In a normal year, Natalie Righetti would be spending several months leading horseback riding and Pilates retreats in the Spanish countryside, learning about the local history and culture, enjoying gourmet food and mountain views. Of course, this past year hasn’t looked quite like that – instead, there’s been a lot less riding and much more time spent in front of a computer keeping her equestrian clients fit.
In March 2020, Natalie, a STOTT PILATES® Certified Instructor and owner of Vita Sana Pilates in Glasgow, Scotland, transitioned her Pilates business online, and later launched a Pilates for Equestrian series, attracting riders from Scotland, Ireland, England, Spain and even as far away as South America.
“After various discussions with my equestrian friends and contacts, it was clear that many riders had some concerns about losing their ‘riding fitness’ during the pandemic due to not being able to go out riding as often or at all. There is a difference between having good general fitness and being riding fit (e.g. being comfortable in the saddle for long periods) and riders are very much aware of this,” she says.
In her Pilates for Equestrian classes, she focuses on improving riders' alignment, symmetry, balance and stamina to improve their performance. This involves focusing on spinal stability and mobility; isolating the pelvis and spine during movements, and also limbs; shoulder stability and mobility; and the coordination of all of these together, which is exactly what Pilates offers.
“STOTT PILATES has so many benefits for riders, the list is endless. Some of these include: Improved posture and comfort on the horse, better horse and rider alignment, improved flexibility, core stability and balance to advance the rider’s form and reduce the likelihood of injury, to name just a few.
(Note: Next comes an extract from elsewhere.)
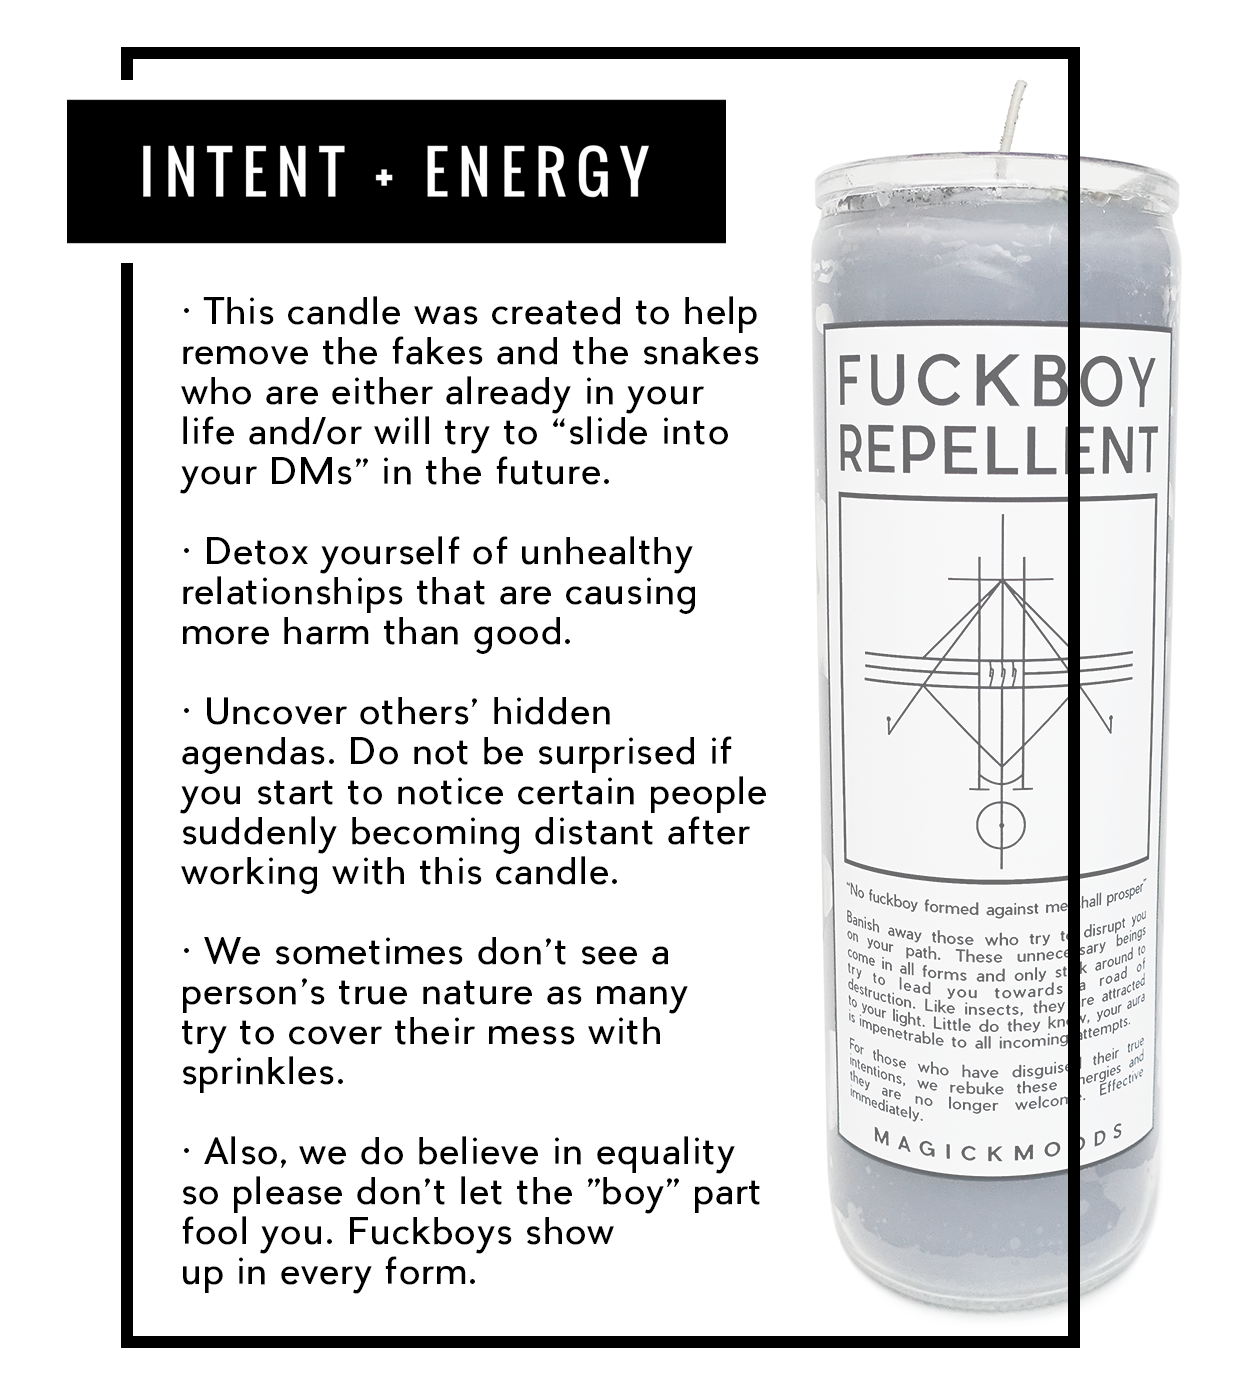 Fuckboy Repellent 7-Day Meditation Candle - PREORDER - Ships by July 28th, 2023

“In fact, Pilates is used as a complementary exercise for many competitive riders, including the great Olympic Gold Dressage Rider, Charlotte Dujardin,” Natalie says.
Keeping equestrians fit while out of the saddle
Maintaining a good level of riding fitness is important for all keen equestrians.
“Like anything, it can be easily lost during long periods of non-riding and can take time to build back up. Loss of riding fitness can also make riders, and subsequently, their horse, more prone to injury when they do return to riding. So being able to maintain and improve good muscle and joint function is very important.”
Pilates can help correct impediments, such as rounded shoulders, tight hamstrings, mid-thoracic tightness, and tightness and curving in the lower back— a common symptom among riders of all levels.
One of the misconceptions about horse riding is that it requires little effort on the part of the rider.
“Of course while the horse bears a lot of the stress and load, so does the rider. As an equestrian, it’s important to develop a strong core and build strength in the legs, glutes and back, which Pilates does. The muscle groups most affected by horse riding are those around the pelvic and hip joints,” Natalie says.
Pilates exercises and tips for equestrians
Here are some of Natalie’s favorite Pilates exercises for her equestrian clients:
- Hip extension exercises: Riders often suffer from tight hips and this affects their leg alignment and the leg signals they give their horse.
- Balance and oblique exercises: These can be used to help identify muscle imbalances and if collapsing into or shifting to one side is occurring during riding. Seek to correct these through awareness and technique.
- C-curve exercises: These help extend the hip joint while working the abdominals.
- Shoulder and hip exercises: Focus on improving mobility and stability.
- Plantar flexion exercises: Riders often struggle with that foot position and associated leg muscle engagement due to having their feet/ankles dorsiflexed in the stirrups for long periods.
- Work in neutral alignment (when possible): This helps riders with their positioning in the saddle.
A new horseback riding retreat and Pilates experience in Spain
Natalie’s retreats in Spain have been rescheduled for later in 2021, as long as local health guidelines permit them.
“My retreats are run by a reputable agent, Zara's Planet, who ensures that COVID-safe measures and guidelines are adhered to.
“At our retreats at Los Olivillos, in the Sierra de Tejeda, Almira and Alhama National Park in Andalusia, guests stay in separate accommodation spread across the grounds, dine outside and can do so in separate areas, and Pilates classes are limited in size and are all outdoors. Guests have their own Pilates mat and equipment with antibacterial wipes and hand sanitizer available at all times, and horse riding, by its very nature, allows guests to stay physically apart outdoors.”
Natalie’s retreats usually draw a mix of clients, from beginner to advanced riders, regular Pilates practitioners and complete novices, most of whom become Pilates converts upon returning home.
“I believe that retreats such as these are great for self-improvement and also self-challenge. The majority of our guests develop a deeper understanding of Pilates and its practical application during our retreats and it then helps them in their day-to-day activities back home, whether that be riding or other forms of exercise and movement,” she says.